Fig 2 — Outcomes of competition between *A. flavus* isolates CG136 and YV04 during sporulation on Czapek's agar with variable concentrations of carbon (sucrose) and nitrogen (nitrate). Nutrient concentrations increase from left to right along the x axis and are multiples of the sucrose (88 mM) and nitrate (35 mM) in 1× Czapek's agar. The experiment was performed twice with similar results, and the results of a single trial are presented. Conidia (%) (primary y axis), the percentage of total conidia from CG136; number conidia (secondary y axis), the quantity of conidia produced by either CG136 or YV04 during cocultivation on each of the agar media. Means labeled with the same letter are not significantly different by Tukey's Studentized range test (n = 4). The asterisks indicate percentages significantly different from 50%. The error bars indicate 1 SE.

Responses of individual isolates to nutrients do not always predict the outcomes of competition.
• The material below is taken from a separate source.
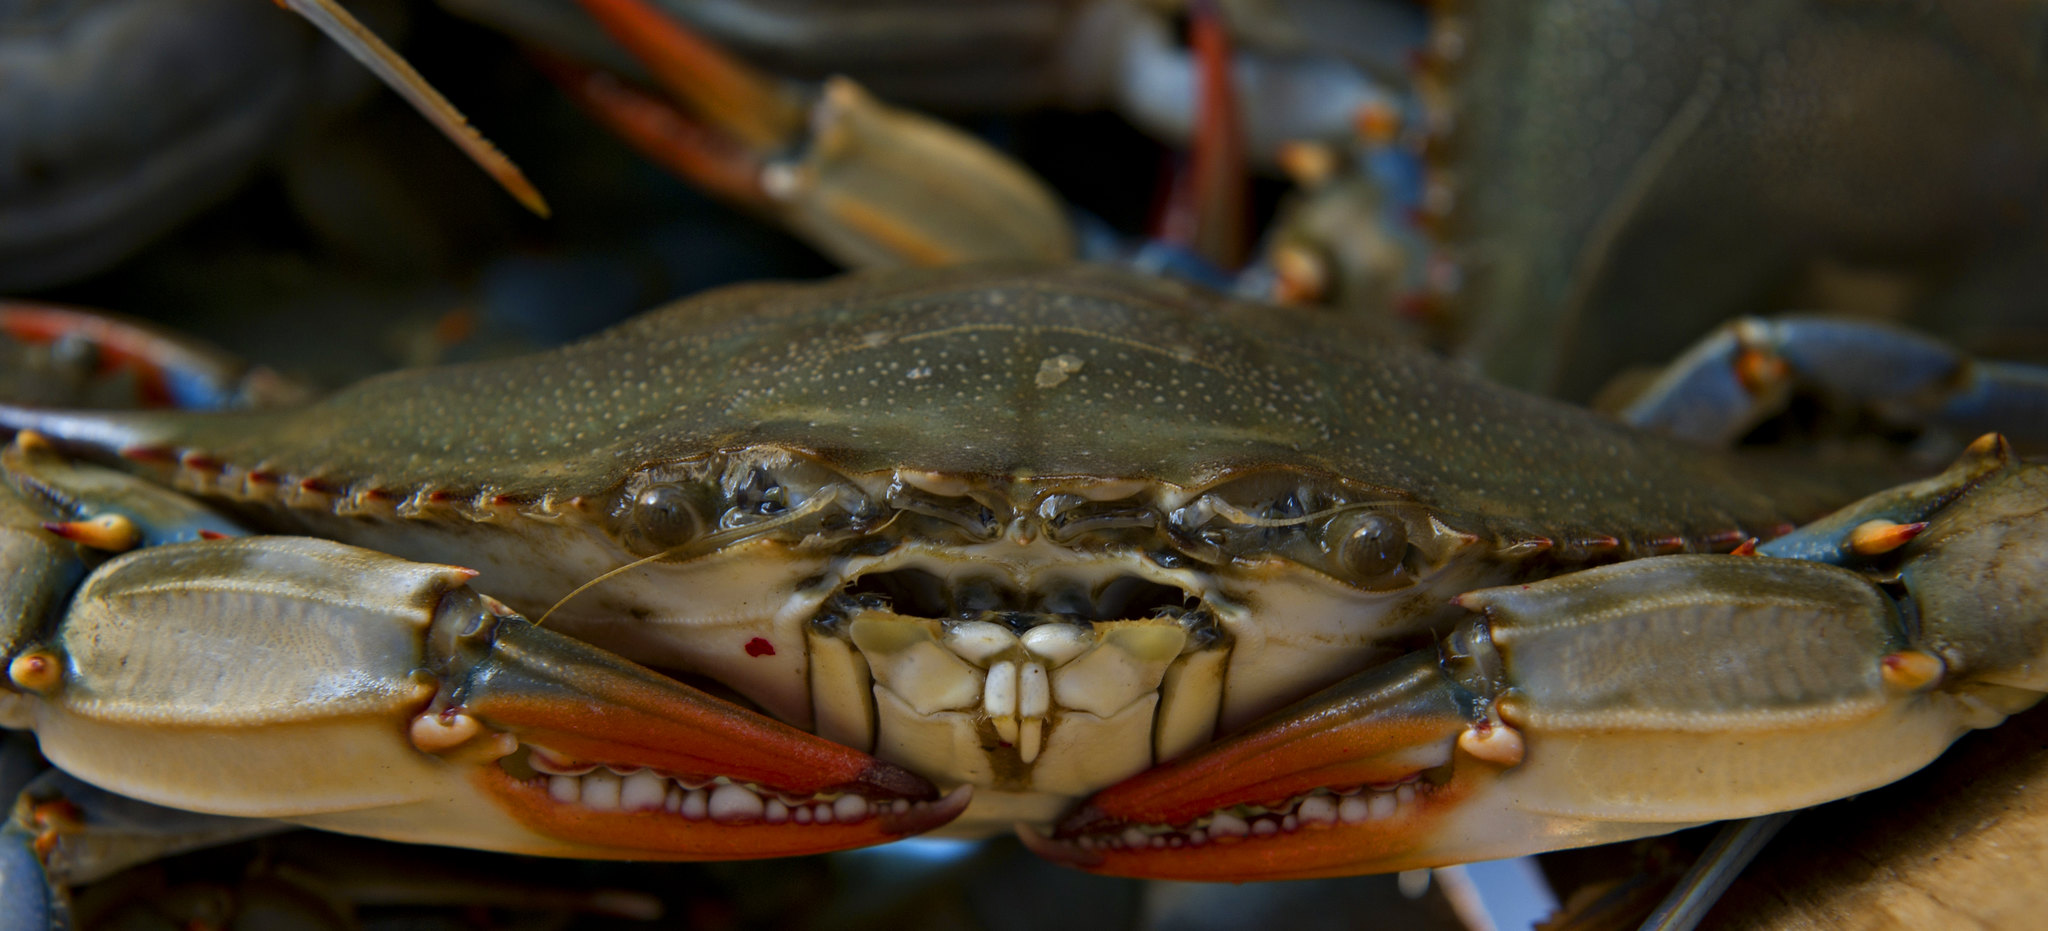 Close up of Maryland blue crab

Isolates grown individually varied in production of conidia on 0.1× (P = 0.003) and 1× (P < 0.001) Czapek's agar (Fig. 3). Predicted isolate percentages during cocultivation, based on sporulation by isolates cultivated individually, are compared to measured percentages in Table 2. The quantities of conidia produced by isolates grown individually did not always reflect the ability of the isolates to compete during cocultivation. For example, when grown individually, RB04 and MN902 produced similar quantities of conidia on 0.1× Czapek's agar (Fig. 3), but when cocultivated on this medium, MN902 outcompeted RB04 (Table 2). On 1× Czapek's agar, EB01 produced almost four times as many conidia as DV901 (Fig. 3), but DV901 comprised a greater percentage of conidia when isolates were cocultivated (Table 2). In contrast, sporulation by CG136 and YV04 grown individually on 0.1× and 1× Czapek's agar (Fig. 3) predicted outcomes of competition between these two isolates on each type of medium (Table 2).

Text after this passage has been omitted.